Give the listing below again exactly, but without any of its pictures.

* _Provided material_:
'''

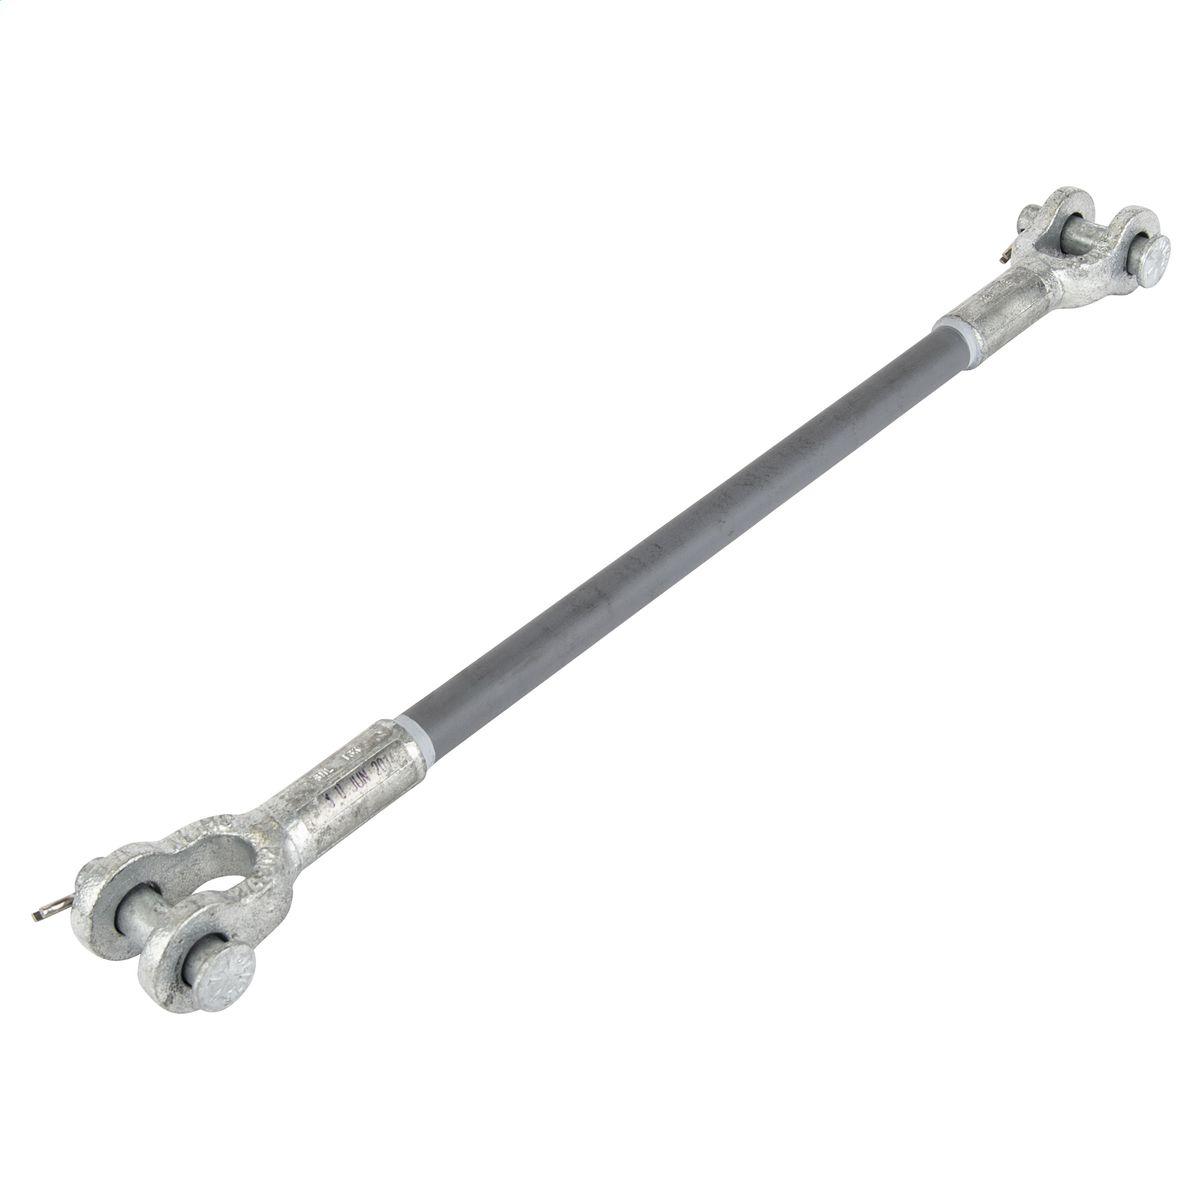 Hubbell GS36060CCSC 60" Silicone Coated Fiberglass Guy Strain; 36,000 lb Series; Clevis / Clevis 
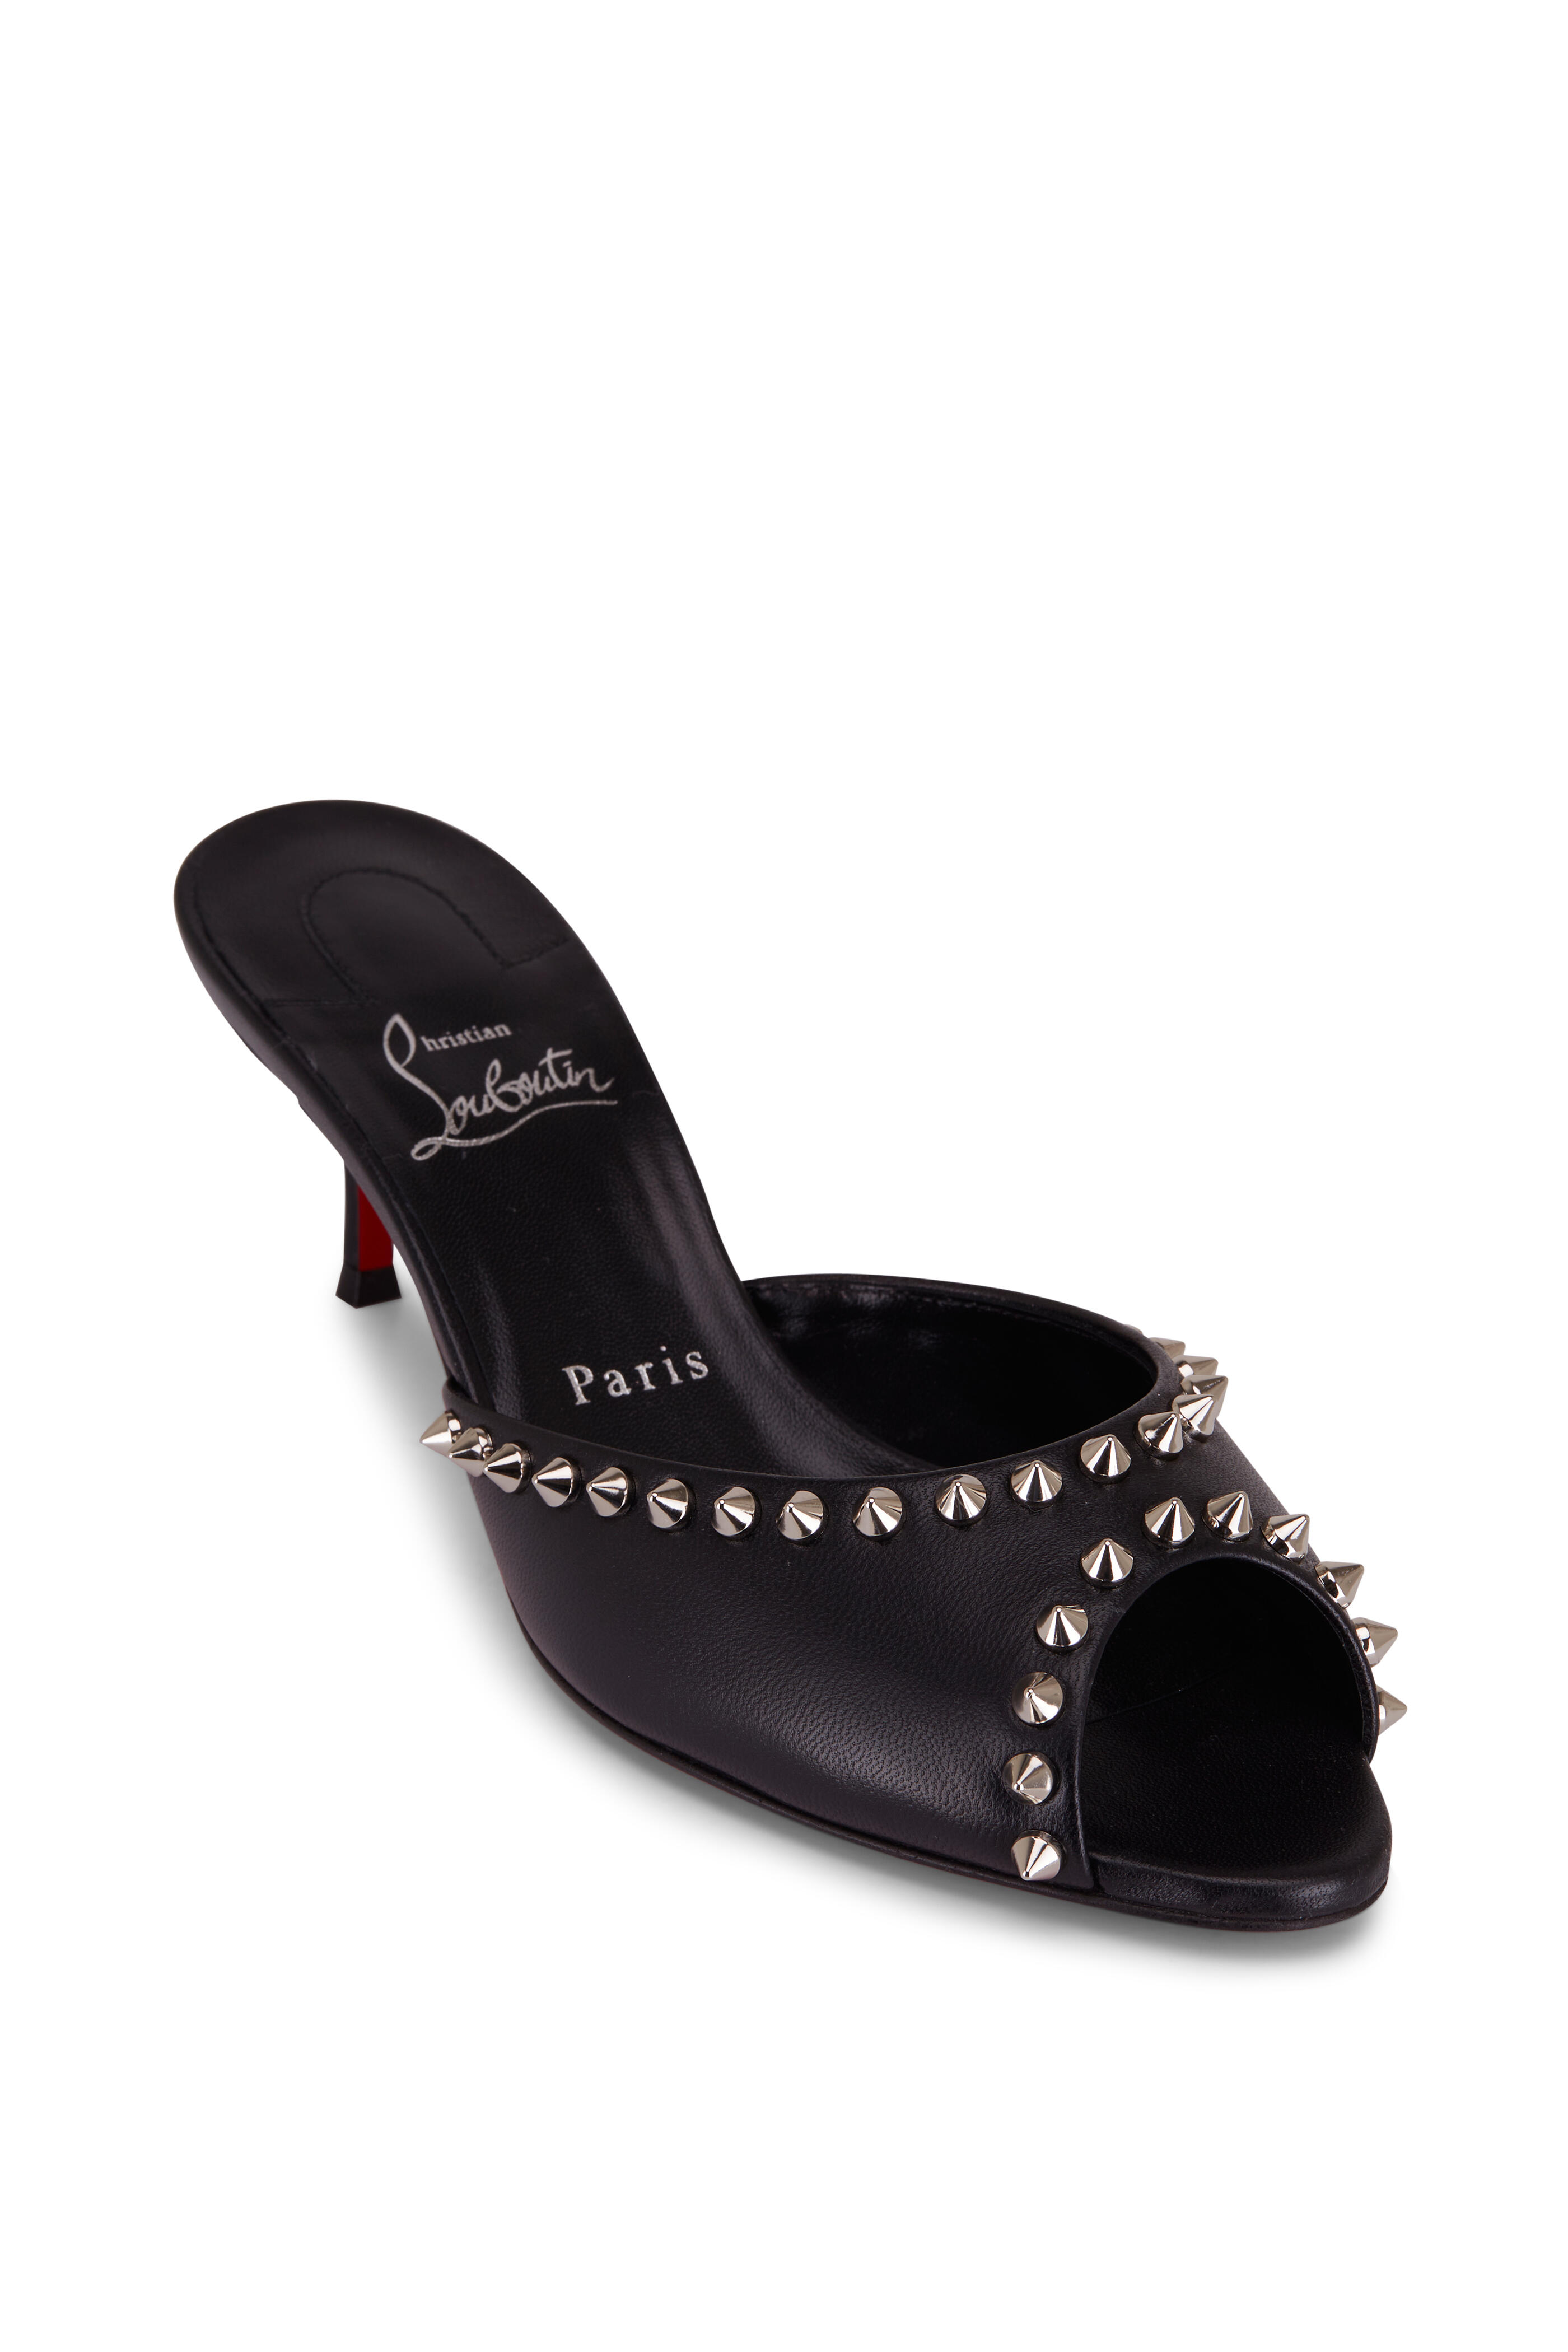 Christian Louboutin Studded High Heel Boots Leather Black silver
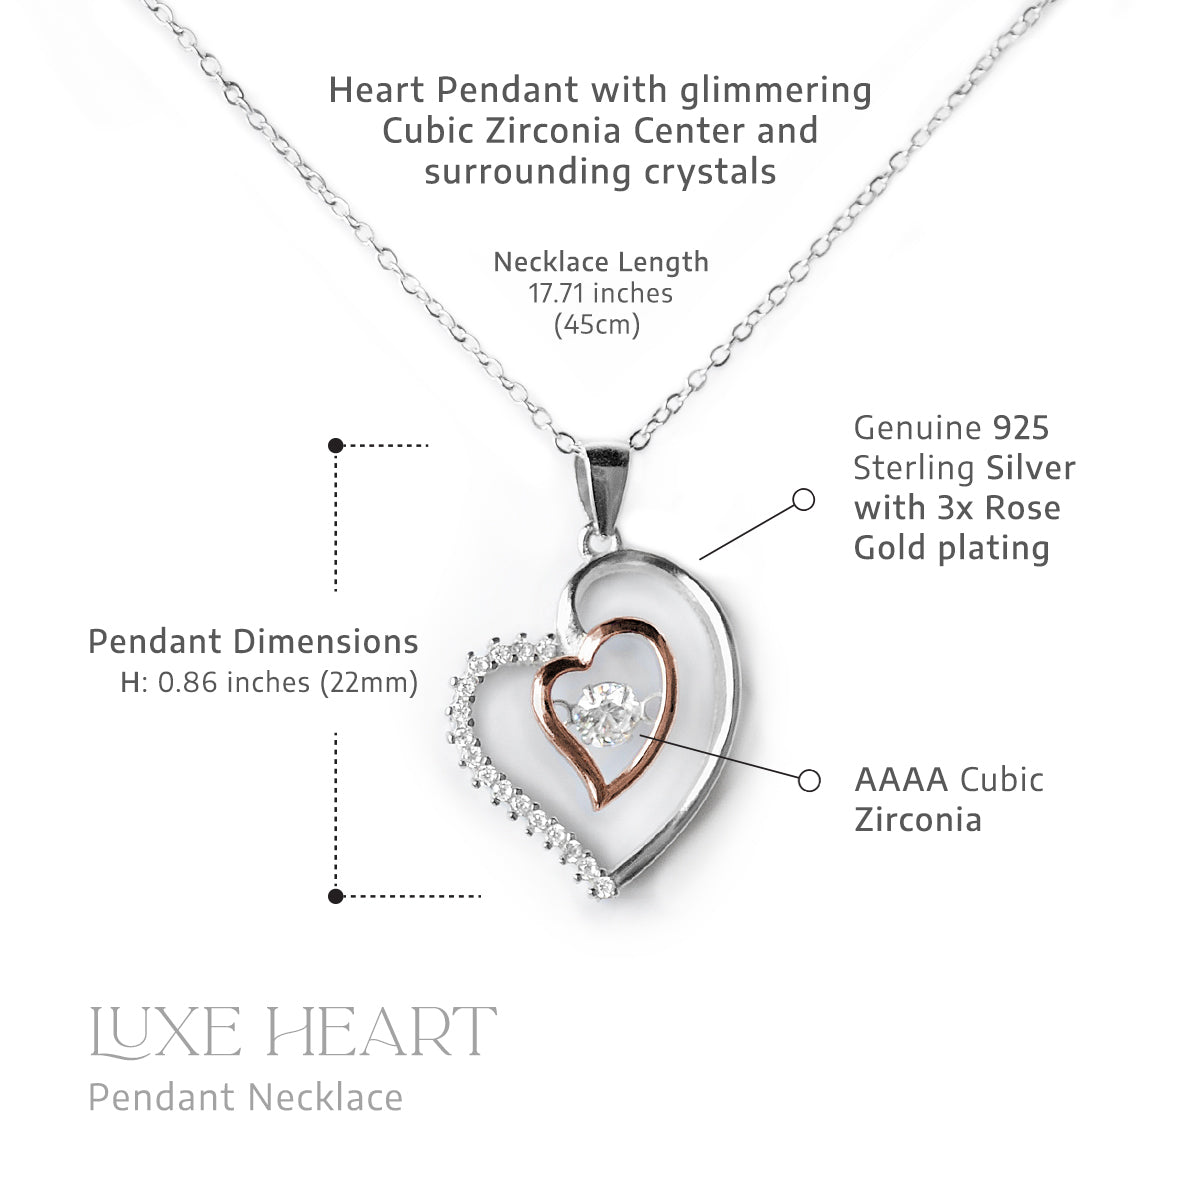 To My Snow Princess, From Dad - Luxe Heart Necklace Gift Set

'''

* _Written response_:
 Hubbell GS36060CCSC 60" Silicone Coated Fiberglass Guy Strain; 36,000 lb Series; Clevis / Clevis 
 Christian Louboutin Studded High Heel Boots Leather Black silver
 To My Snow Princess, From Dad - Luxe Heart Necklace Gift Set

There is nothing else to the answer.